Since World War II the new city that rose from the rubble of blitzed Coventry has epitomized British economic recovery. Coventry's citizens last year made higher wages, owned more autos and TV sets, built more houses than those of any comparable city in Britain. But Coventry's boom is being blitzed by the government's deflation program (TIME, Feb. 27). The auto industry, which employs 60% of the midland city's 172,000 workers, last week was shutting down assembly lines and was cut back to a four-day week, while unsold cars spilled over onto abandoned airstrips and playing fields. And there was worse to come. Britain's No. 1 automaker, British Motor Corp. (Morris, Austin, M.G., Riley and Wolseley) last week announced a 7.5% price increase.

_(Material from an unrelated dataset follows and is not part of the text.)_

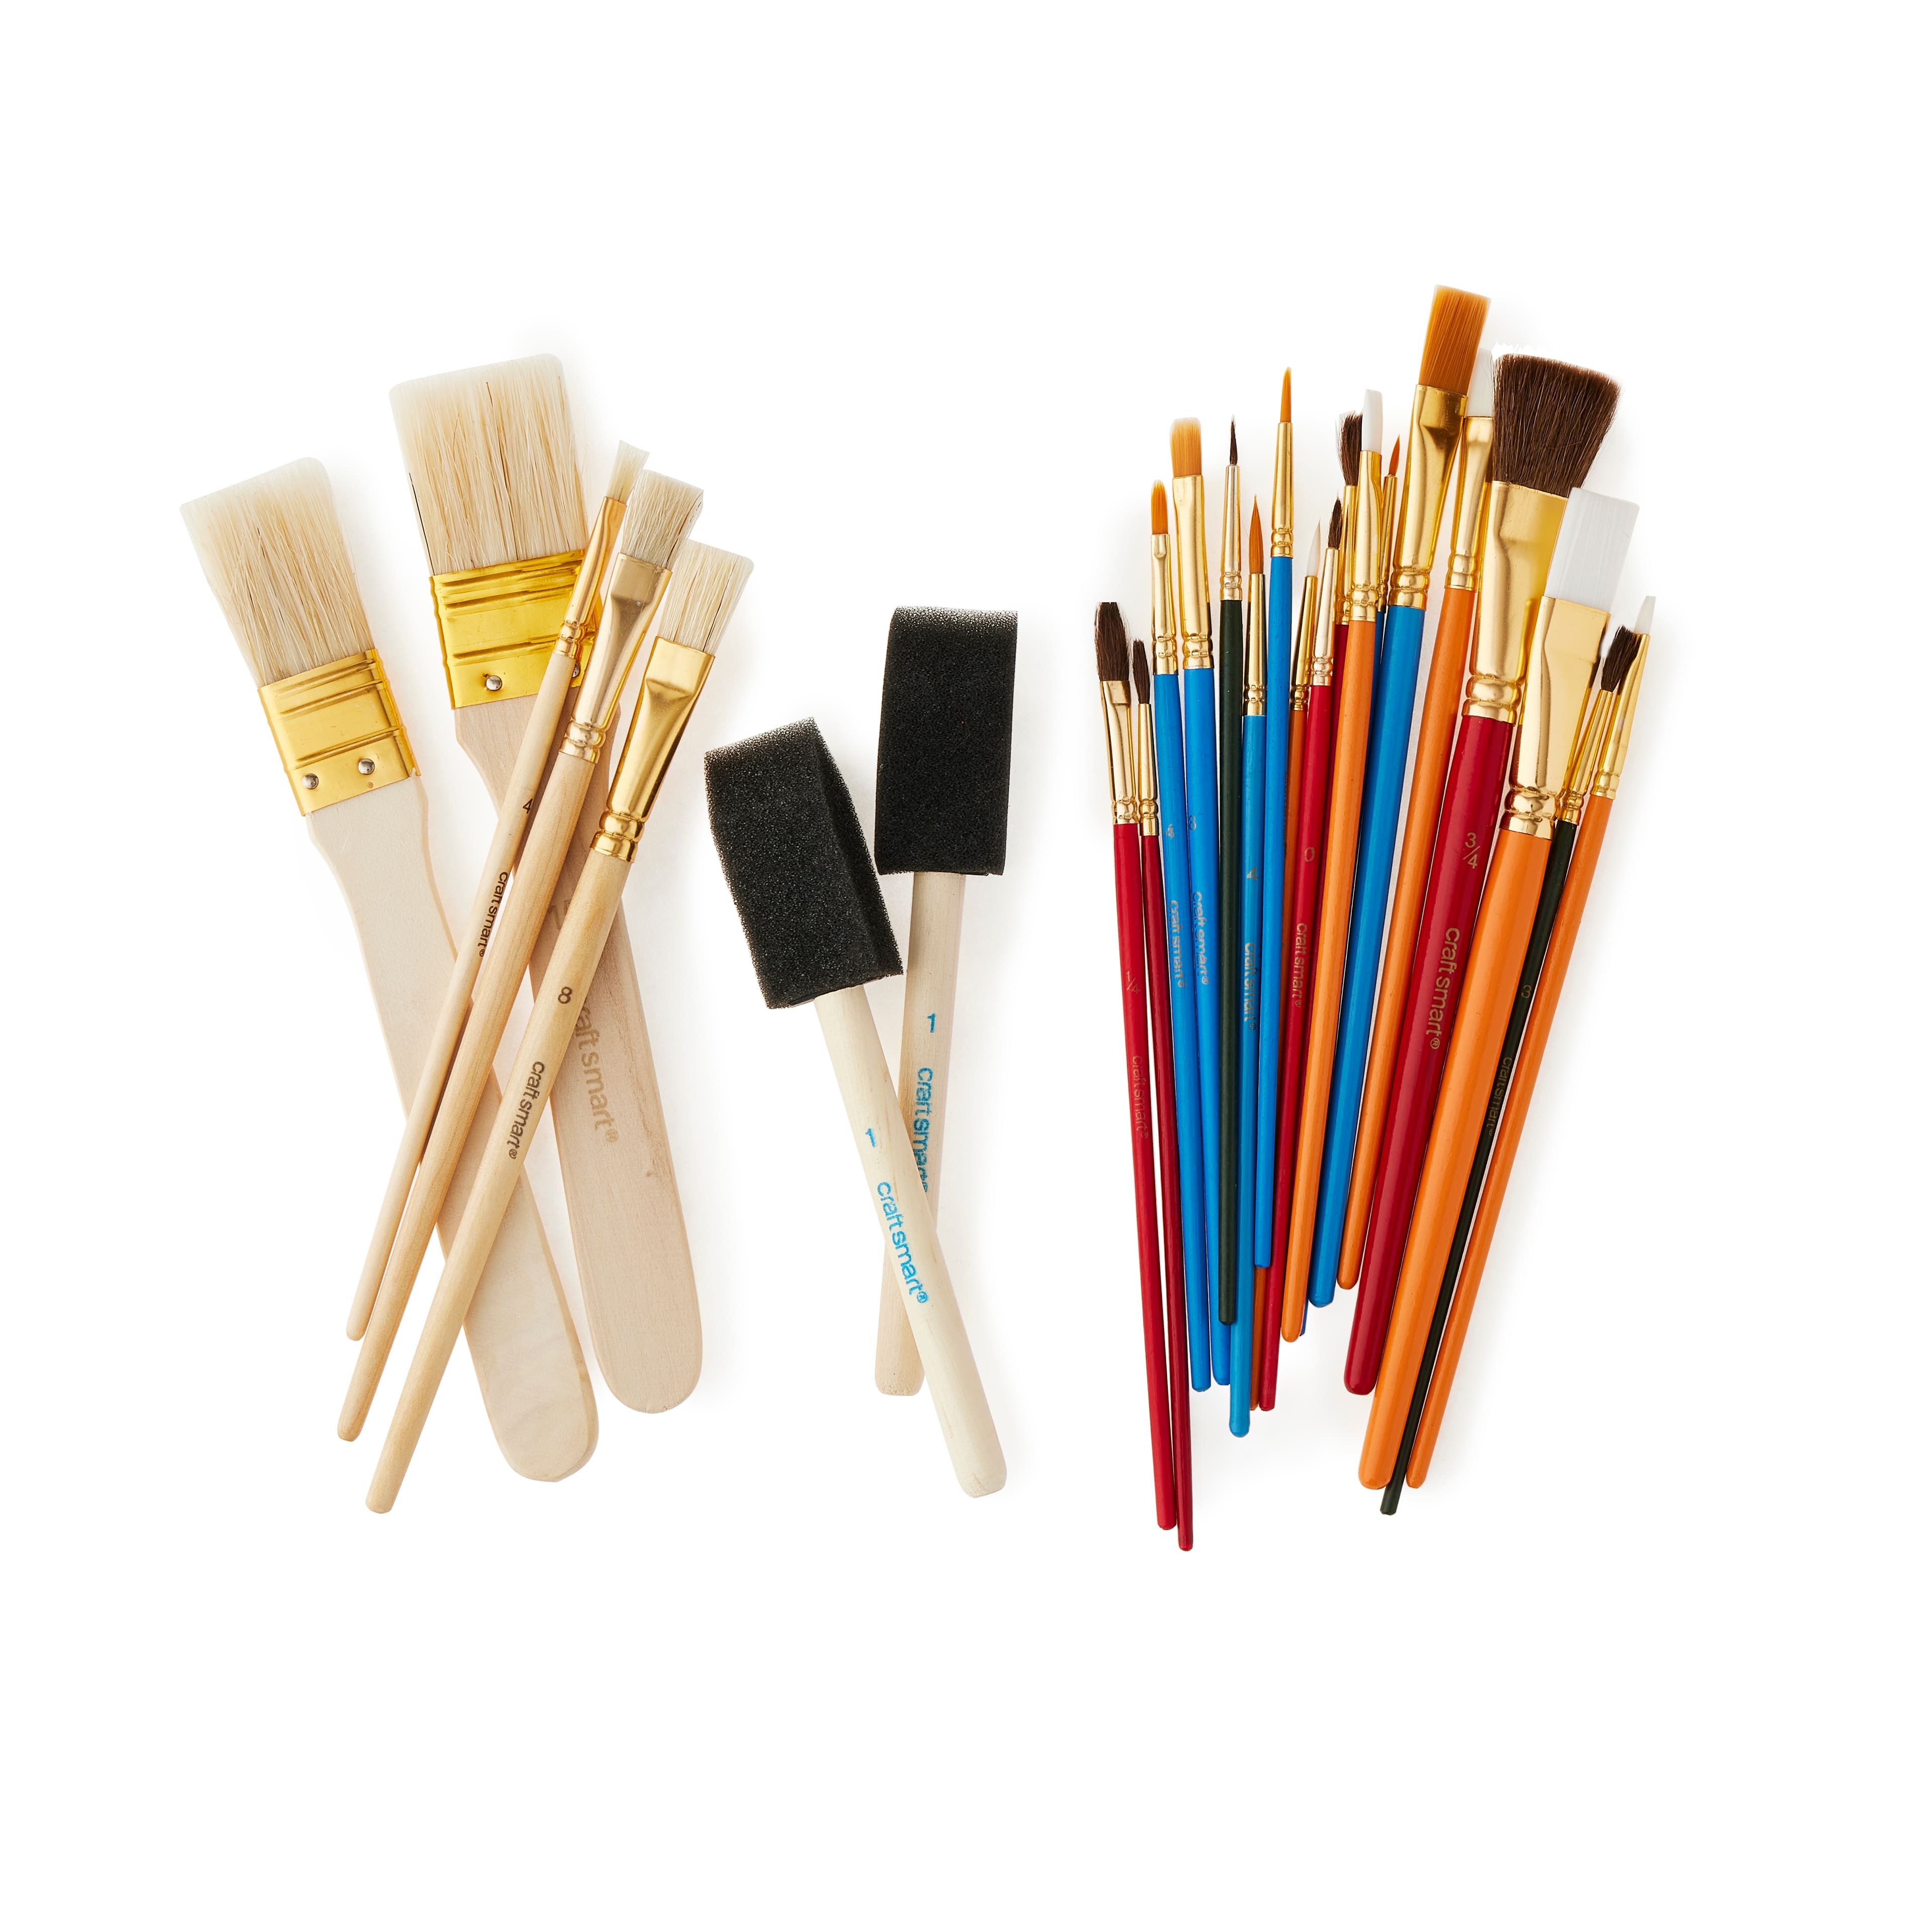 12 Packs: 5 Ct. (60 Total) All-Purpose Brush Set by Craft Smart | Michaels

Though Britons rushed to buy new cars before the price boost went into effect, the industry still had 70,000 unsold autos at week's end and will find it even harder to sell its output from now on.

The government's tightening of consumer credit, including a hike in the minimum down payment on new cars (to 50% of the purchase price), hit the industry where it hurt most--in the domestic market. In the immediate postwar drive for exports, Britain sent a flood of cars abroad. But when the government stopped allocating raw materials on the basis of exports in 1952, British automakers shifted to the easier home mar ket. In 1951 Britain turned out 475,919 cars, exported 366,622, but in 1955, when production had nearly doubled to 897,560, exports increased by only 24,183, or barely 6%. Moreover, only one in nine export cars is now earning sorely needed dollars from the U.S., v. one in every three in 1950.

Britain has been hardest hit by Germany, which has already overhauled Britain in the U.S. (where 29,000 Volkswagens were sold in 1955), is fast pulling ahead in European markets as well. Last week, as British Motor Corp. raised prices, Volkswagen, which cut prices seven months ago, hinted that it will soon reduce them again in a bid for bigger sales.